▸ Data
'''
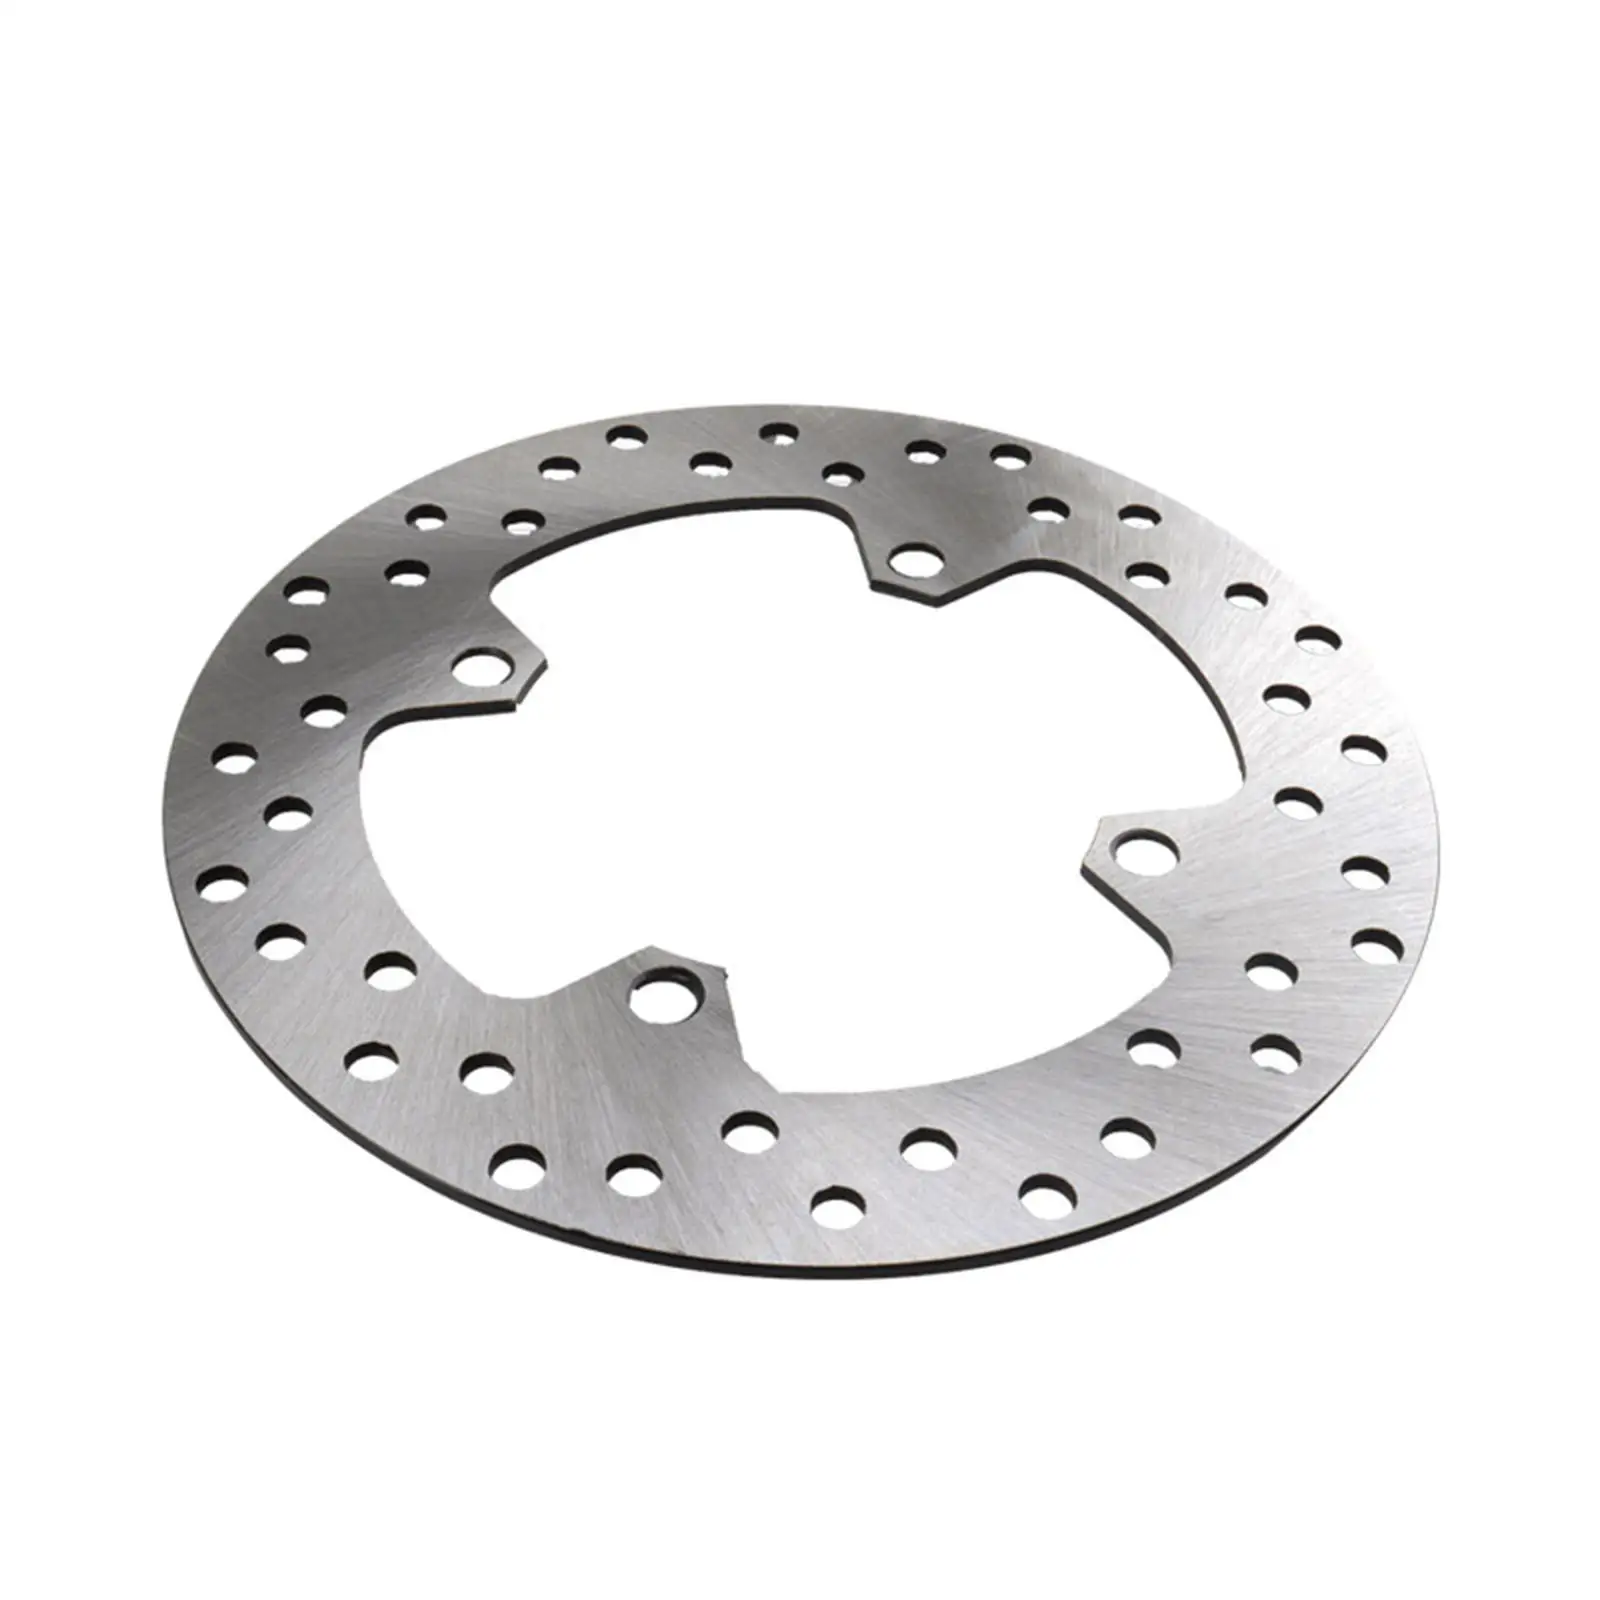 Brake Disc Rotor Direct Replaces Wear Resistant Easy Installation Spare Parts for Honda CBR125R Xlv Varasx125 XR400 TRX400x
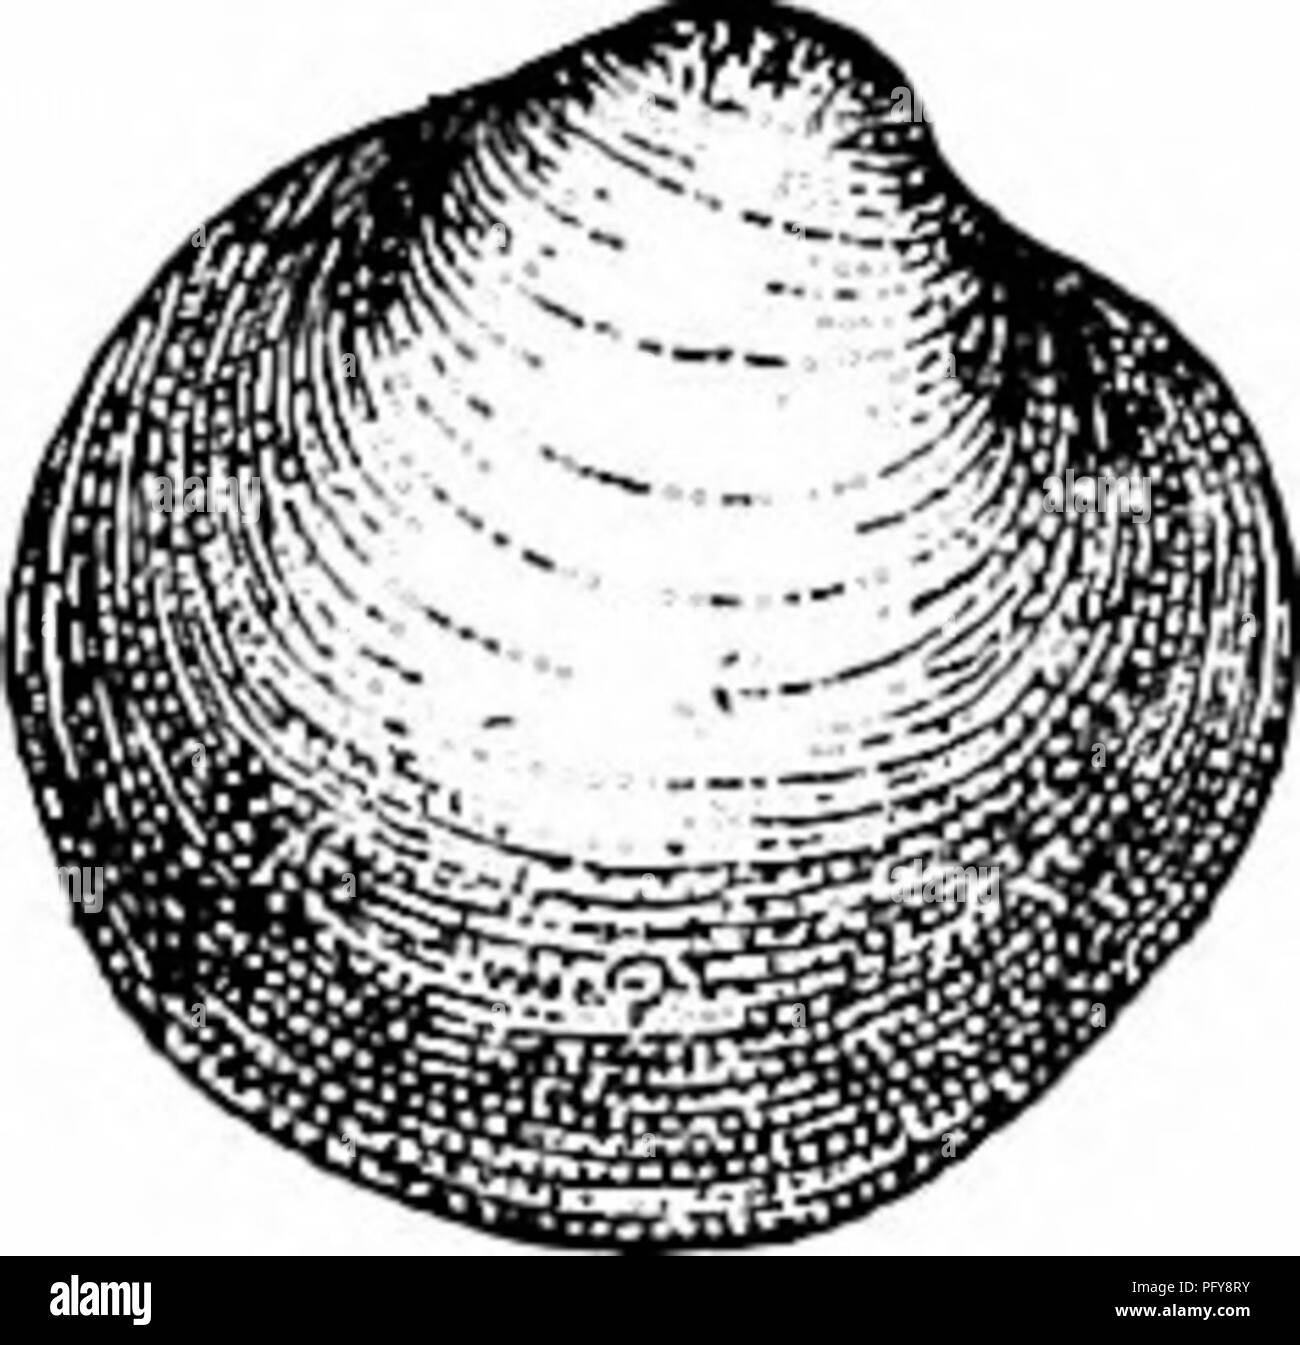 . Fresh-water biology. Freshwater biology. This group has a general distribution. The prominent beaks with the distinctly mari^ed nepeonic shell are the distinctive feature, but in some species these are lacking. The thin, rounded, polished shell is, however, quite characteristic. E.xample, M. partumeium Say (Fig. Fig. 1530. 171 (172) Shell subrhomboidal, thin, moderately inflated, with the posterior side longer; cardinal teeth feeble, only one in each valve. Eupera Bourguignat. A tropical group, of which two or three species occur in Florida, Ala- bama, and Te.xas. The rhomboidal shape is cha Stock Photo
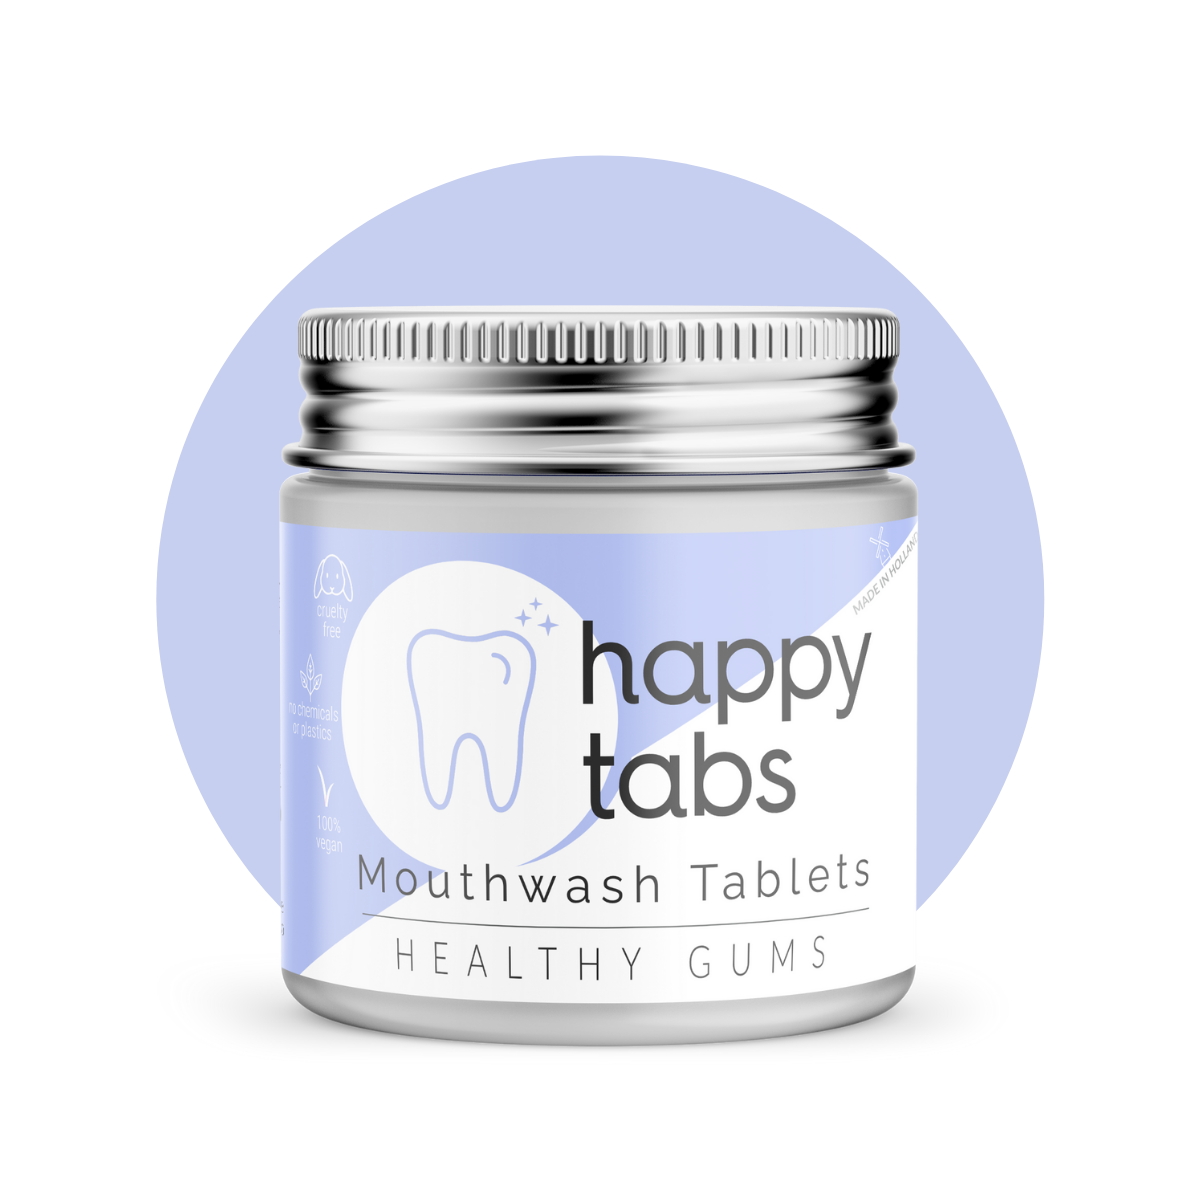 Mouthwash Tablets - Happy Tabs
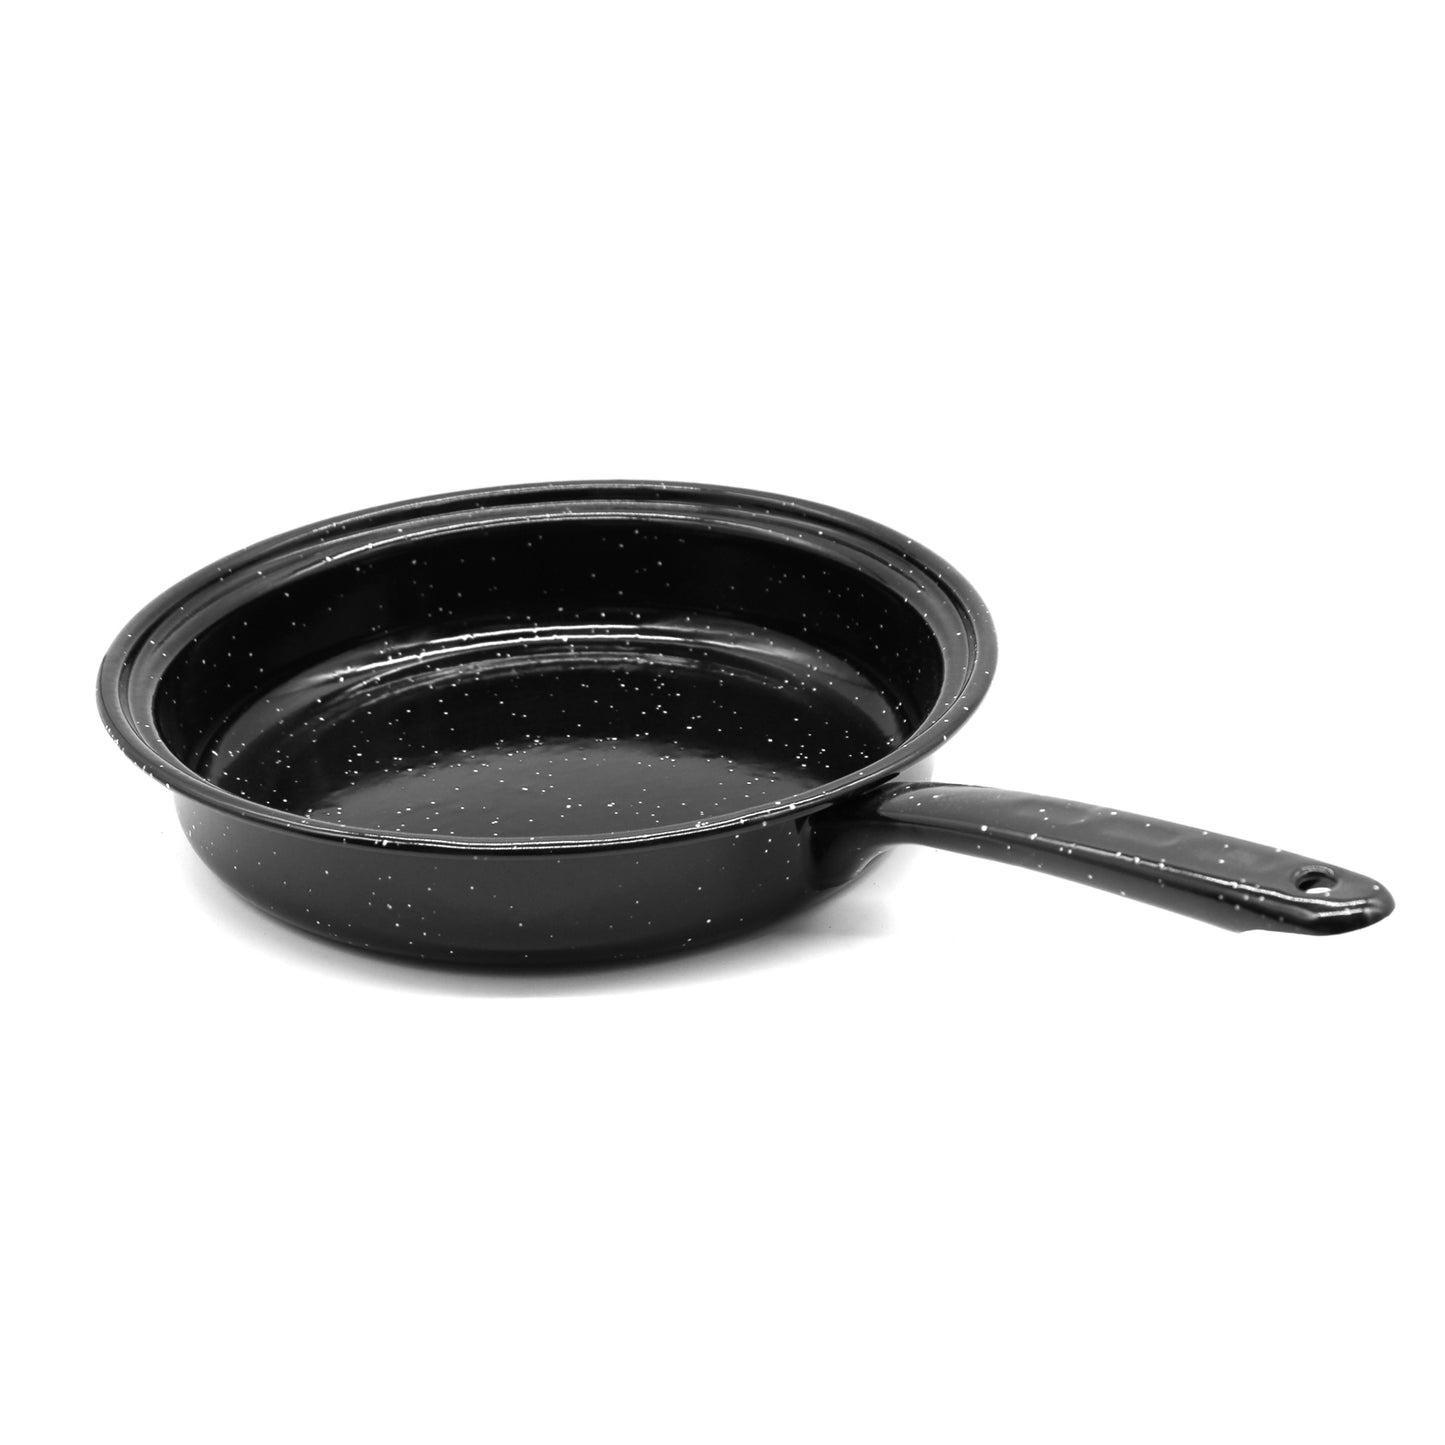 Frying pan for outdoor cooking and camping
'''
▸ Exercise directions
Only the lines from the one containing "Mouthwash Tablets - Happy Tabs" through the end of the data above are to be output, exactly and without pictures.

▸ Exercise output
 Mouthwash Tablets - Happy Tabs
 Frying pan for outdoor cooking and camping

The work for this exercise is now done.